I choose life

With the pale blue sky above me and the soft twitterings of birds drifting down from the trees and our rooftop, I find it impossible to be gloomy.  Here on my porch, a cup of coffee nearby, wrapped in a colorful sweatshirt, I feel more content than I have for a long time.

I’ve had a few challenges to my resolve to live complaint-free this week.  I found several fairly serious mistakes made by an employee and snapped at her, something for which I quickly and thoroughly apologized.  Nothing that needs to be said must be said in ugly tones; and on that day, my tone regressed to exasperation.  Within minutes, I realized what I had done, and asked for her forgivness.

Other personal challenges draw me away from my resolve to live complaint-free.  I’ve not necessarily handled those challenges well this week.  My greatest puzzlement lies in my inability to handle the suggestions of others for how I should change, even if the ideas expressed seem thoughtful and well-intended.  I’m told to work less, sleep more, do this, do that; and I find myself wondering if I’m just someone’s class project.  I can’t quite figure out why I resent the efforts of others to advise me.  Perhaps I fear that their attempts stem from their basic belief that I am incapable of managing my own affairs.

Whatever the case, I find myself rocking back on my feet, trying to see the goodness in the efforts of others to help me better my situation.  They mean well, I tell myself.  Don’t take it personally, I caution, inwardly.  Nobody’s criticizing you.  They just want you to feel good.  I move past the moment, smile, thank the well-meaning advisor, and stow their suggestions away for later reflection.

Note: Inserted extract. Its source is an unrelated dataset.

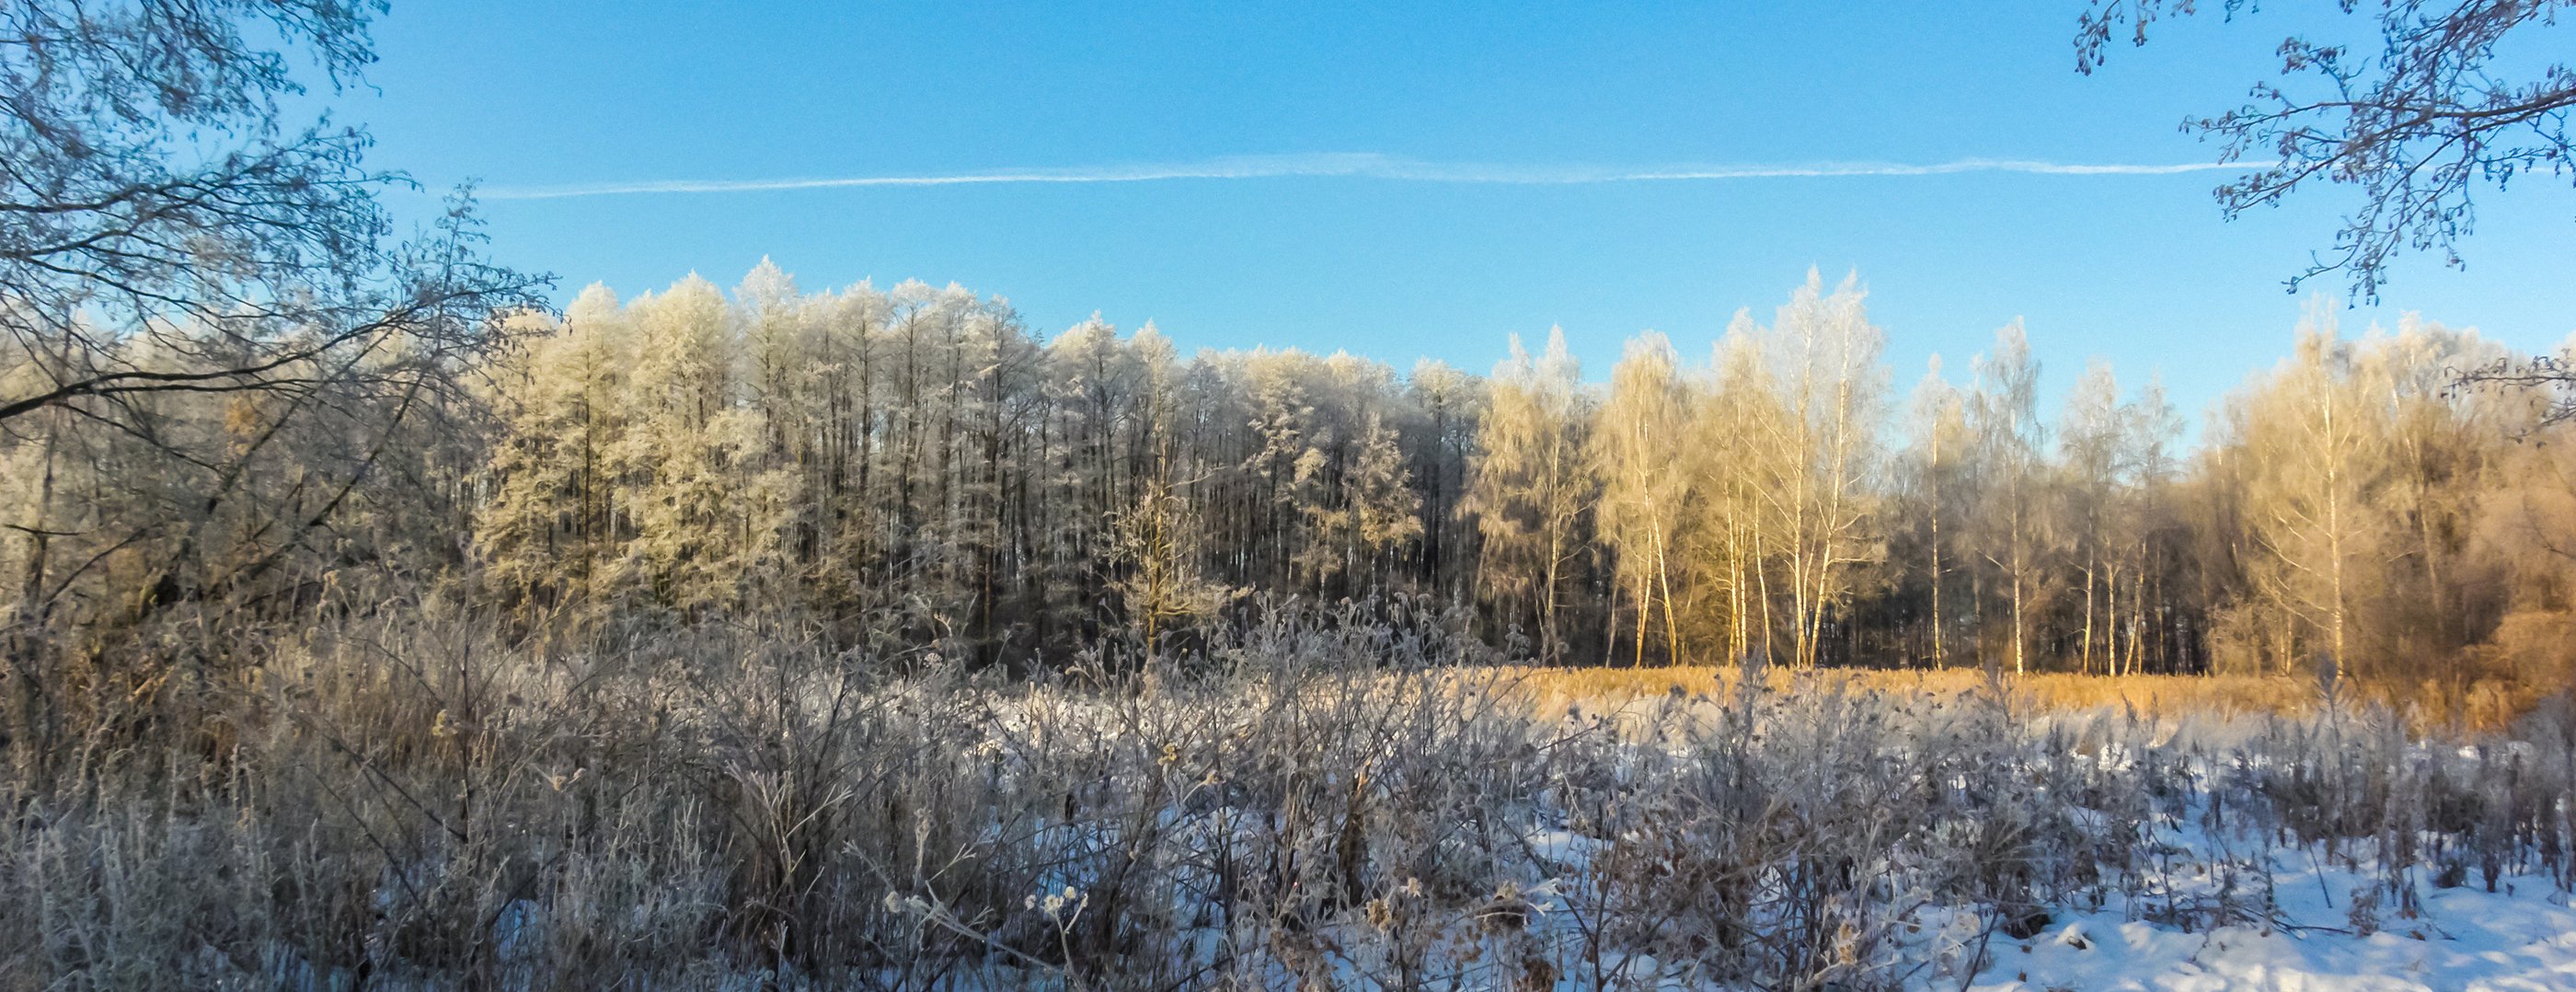 лес, зима, иней, мороз, берёзы, ольха, Руслан Востриков

I listen to other people’s problems for a living.  I pursue litigation on their behalf, sometimes with complete success, other times failing utterly.  Most times, I find the middle ground.  As client after client sits in my office unburdening themselves, I find my mind drifting, my eyes shifting to the window, my spirit wandering.  I draw my attention back to my client; they deserve my utmost focus.  But decades of this rapt listening has worn me.  I crave silence.  I crave moments like the one in which I find myself this morning:  soft breeze, sweet smells, warm sun.  I yearn for peace.

At a gathering last night, someone asked me if I am close to my siblings.  I was closest to one who died, I told her, realizing that I had rarely spoken those words outloud.  How long ago did he die, she asked.  She gasped when I told her that it had been seventeen years; seventeen years this June.  Oh my, he must have been young, she sighed.  Indeed.  Thirty-seven.

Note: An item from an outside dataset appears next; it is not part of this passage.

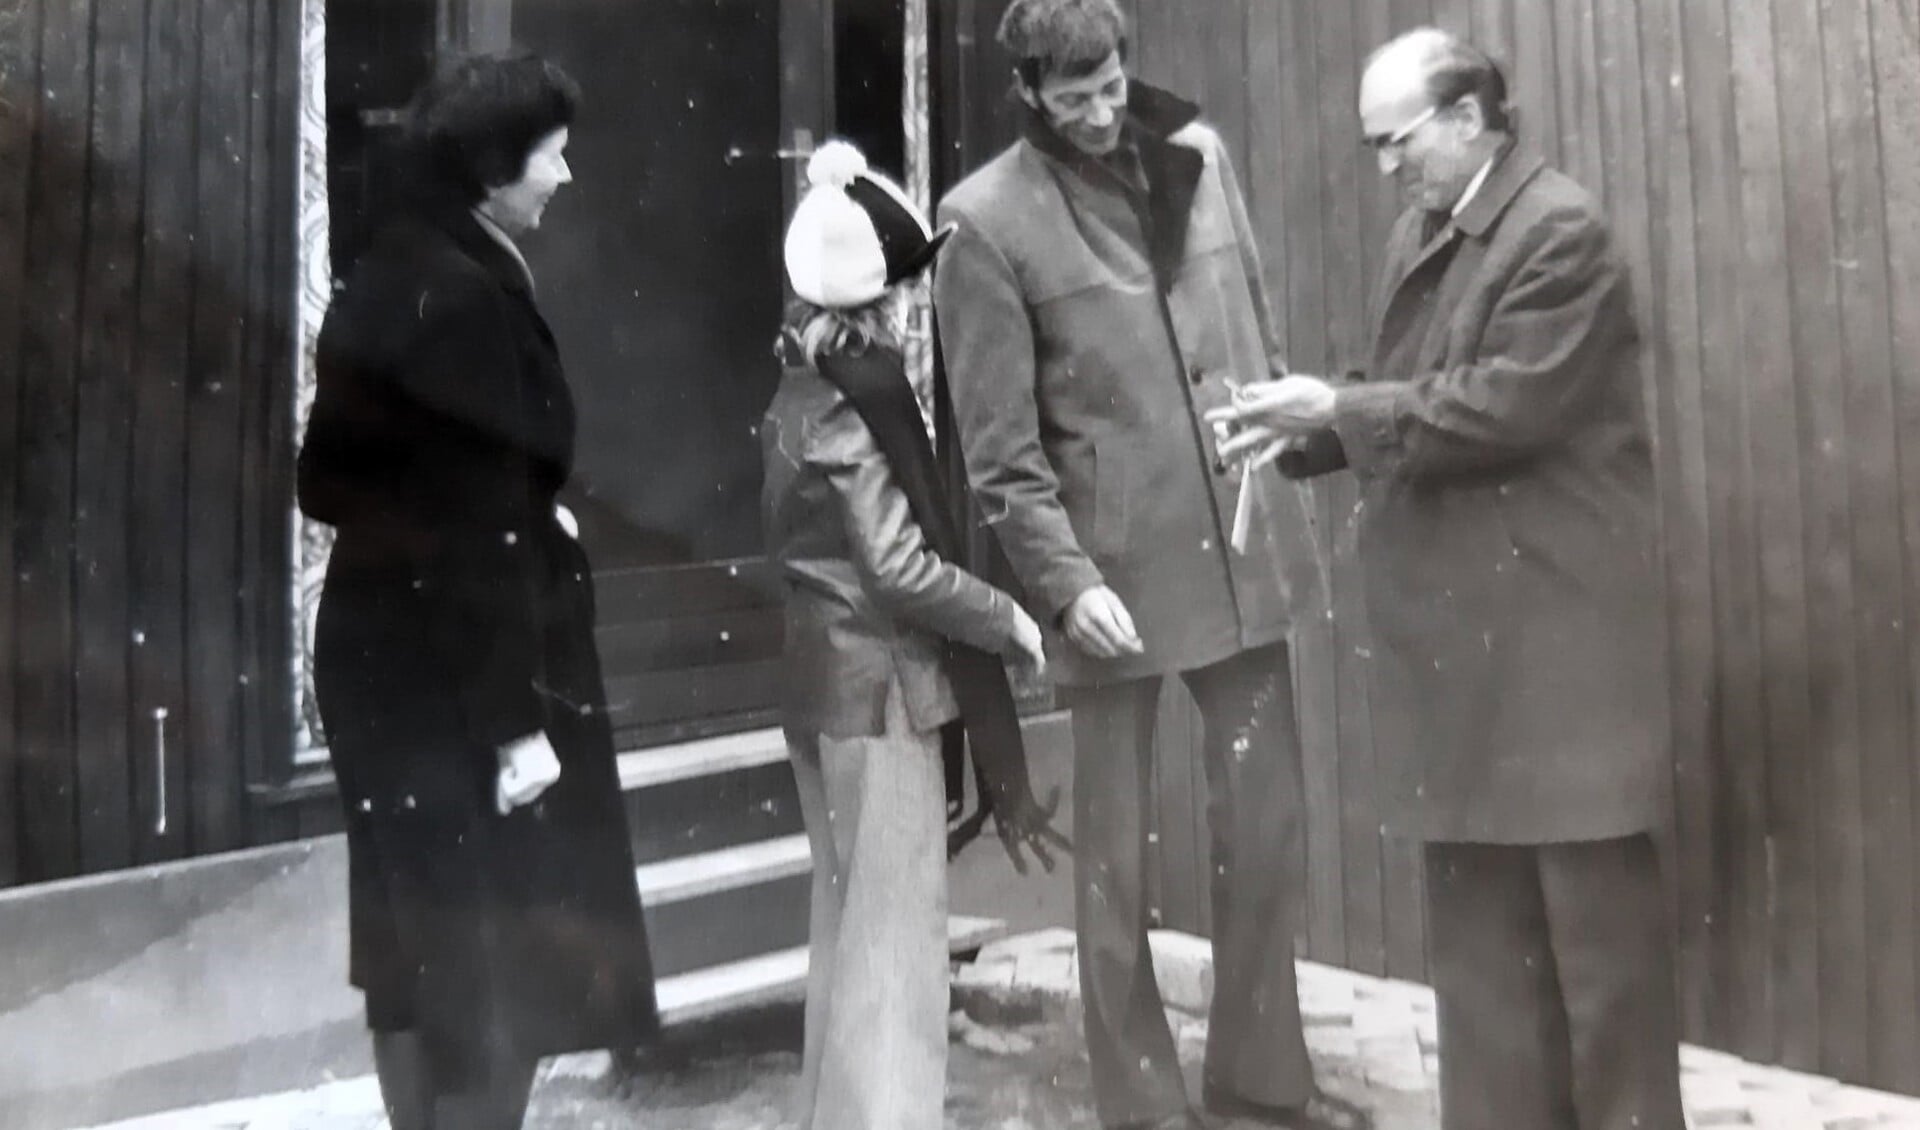 Landdrost Otto reikt op 1 december 1975 de sleutels uit aan de familie Van den Bos; Aukje mocht de deur van Bivak nr. 6 openen (VDBos familiearchief)

Every year, as the anniversary of my brother’s passing approaches, I think about the burdens he carried.  Demons rode his back; as demons cling to all of us.  I have my own.  Most of mine hide just out of sight, snickering, telling me that I’m not good enough, or pretty enough, or successful enough.  These taunts inform me less and less as I let go of the twisted ways that my insecurities have made me behave.  My brother Steve and I had any of the same demons: A damaging father, essential insecurity, failed relationships.  Sorrowfully, he choose death as a way of escaping them.

I choose life.

 

2 thoughts on “I choose life

  1. Linda Overton

    I, for one, am very glad you do. My life would have been much less if I had never met you.

    Reply
  2. ccorleyjd365 Post author

    Linda, you have no idea how good it is to hear this. Likewise, my dear; likewise. I often recall this phrase you used and needed too many times with me, “I forgave you when you done it.”